Hace semanas la vimos componer un personaje de extrema dulzura (con tonada exacta incluida) en "Traslasierra"; ahora es la vívida imagen de esa Sarah Connor que se refugia en el desierto en "Terminator 2" para proteger a su hijo, esa que quiere un destino mejor, aunque duda si lo habrá, pero está dispuesta a pelear por él.
Guadalupe es pólvora y fuego, hay algo en la mirada, y hasta en esa amplia sonrisa, que provoca un magnetismo inmediato que es fundamental para el personaje y la película. Todos los aplausos para ella. Su contrafigura, Alberto Ajaka, con quien ya la vimos en duelo de violencia de género este año en A oscuras, es otro de esos actores clave.

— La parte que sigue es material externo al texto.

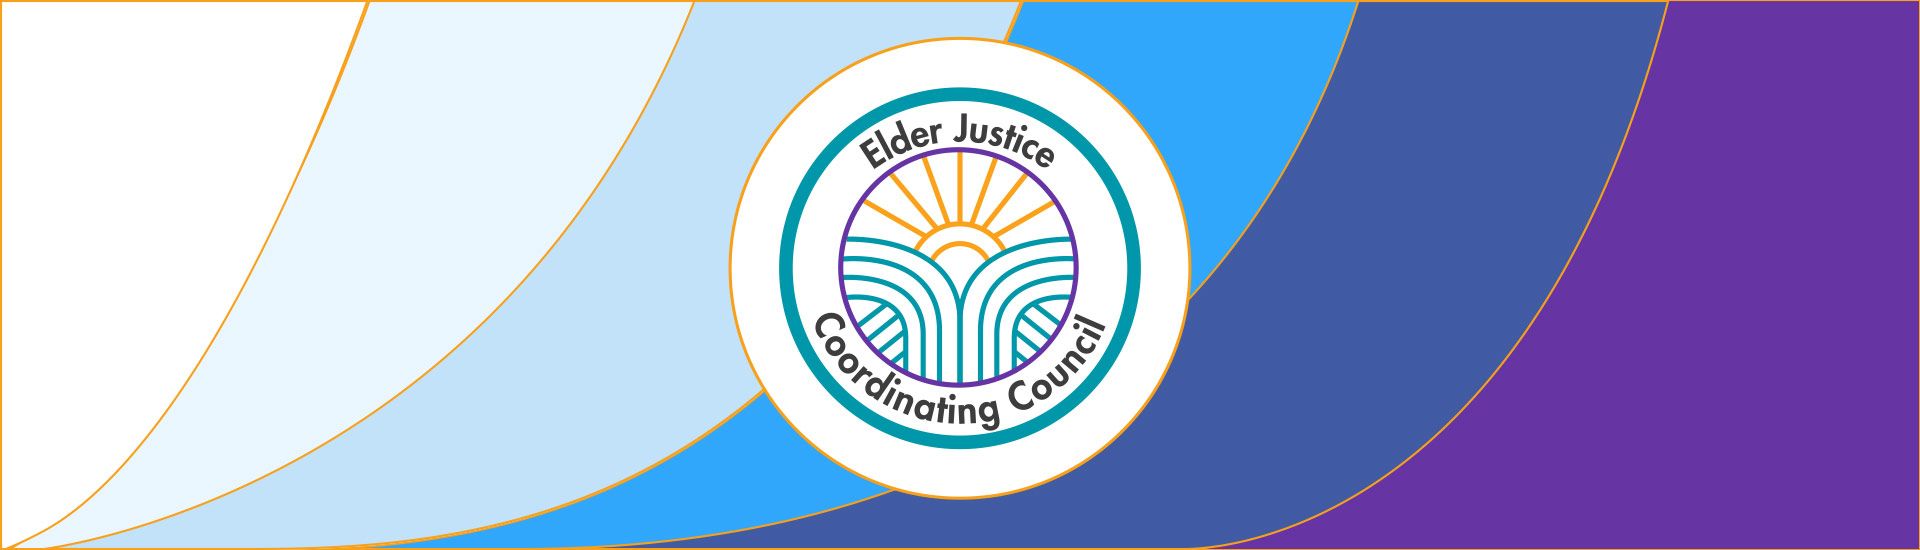 Elder Justice Coordinating Council banner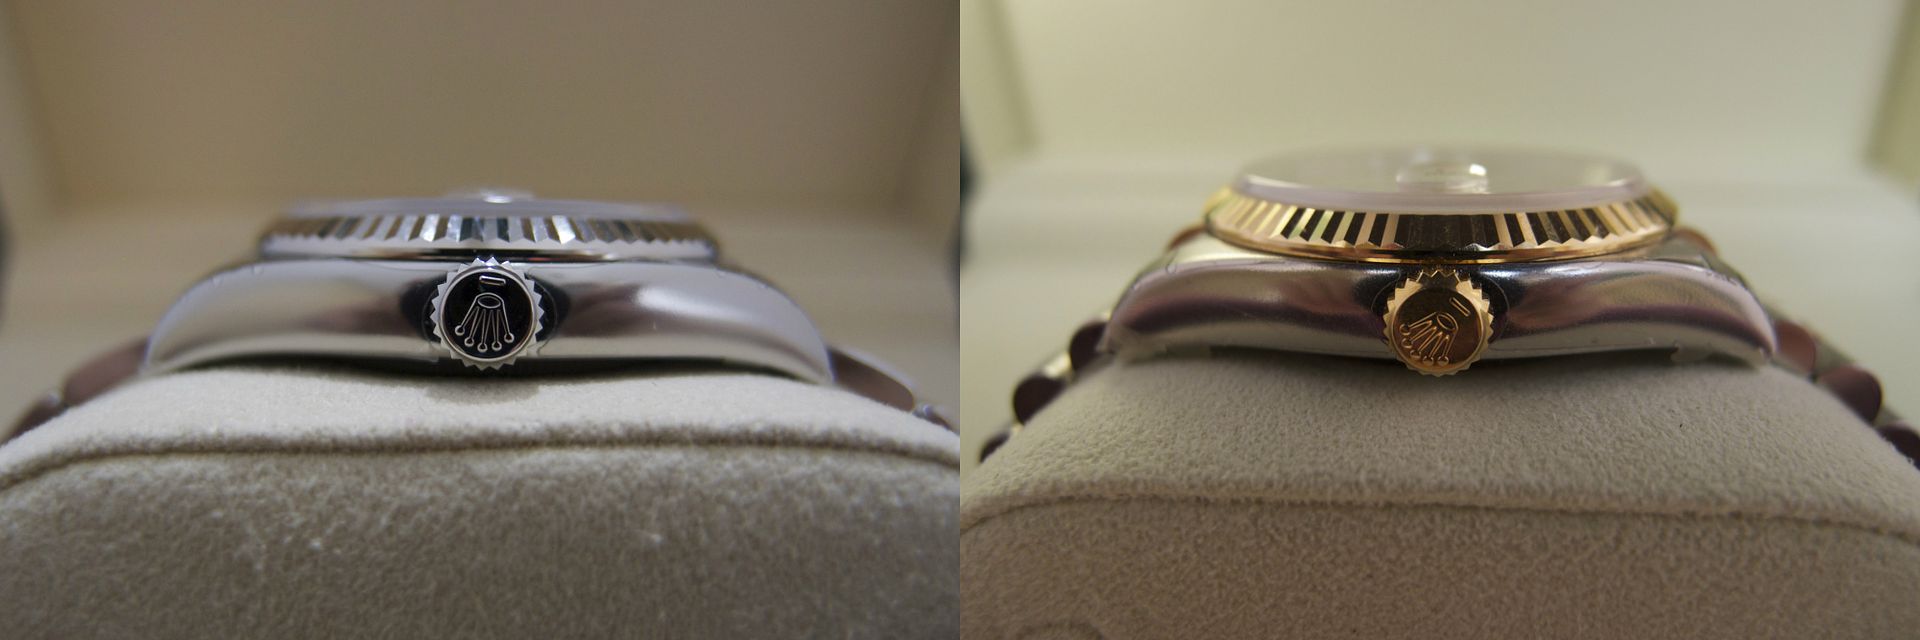  same crown design on Rolex 116234 and 116233 Datejust models

Psique du rol perfecto, química aceitada con la protagonista, y una composición actoral que lo lleva a ir degradando su estado físico a medida que el film avanza. En las escenas entre ambos, "Infierno grande" estalla. Pedersoli es alguien siempre a tener en cuenta, con poco logra mucho. Mario Alarcón es tan infatigable como querible, su figura y presencia iluminan la película.
A Marta Haller, como siempre, le alcanzan pocos minutos para destacarse. Manuel Matzkin es toda una promesa. Como mencionamos anteriormente, Chucho Fernández es quien sorprende dentro de los secundarios; un actor con características muy particulares, al que uno imagina encasillado en determinados roles, logrando un opuesto, un sacerdote; no uno tradicional, pero un clérigo al fin.
Más contenido de lo que lo vemos habitualmente; verlo siempre nos recuerda que estamos ante un film de género. Al igual que los protagonistas, una figura clave. Alberto Romero tiene experiencia en guion, y dirigió el sobresaliente documental "Carne propia" (en el que ya había demostrado un gran poder de síntesis narrativa); este es su primer largo en ficción, y no podía ser más auguroso.
Sus influencias son palpables, desde el spaguetti western a Wim Wenders, pasando claramente por el Osvaldo Soriano/Héctor Olivera de "Una sombra ya pronto serás". En su elección de esta historia de pueblos chicos, y raíces olvidadas, dejados de lado cuando las vías ferroviarias se cerraron, hay también una lectura social clara e ineludible, que se suma al feminismo y las influencias violentas del poder (Lionel viene de familia con cargos políticos, y es candidato).
"Infierno grande" no descuida ningún flanco, al cuidado en la fotografía y en los encuadres, le suma un montaje fluido entre el presente y los flashback, entre lo real y lo fantástico.
También aporta con su banda sonora para nada intrusiva, siempre acorde. Cada integración en la producción aporta en los matices logrados para no hacer una propuesta monocorde. Potente, lúcida, enérgica, dinámica, desbordada en talento tanto delante como detrás de cámara, Infierno grande es una de las propuestas más sorpresivas y logradas de esta temporada.
Otra muestra de lo fuerte que late el corazón del cine independiente nacional. No habrá que perderle pisada.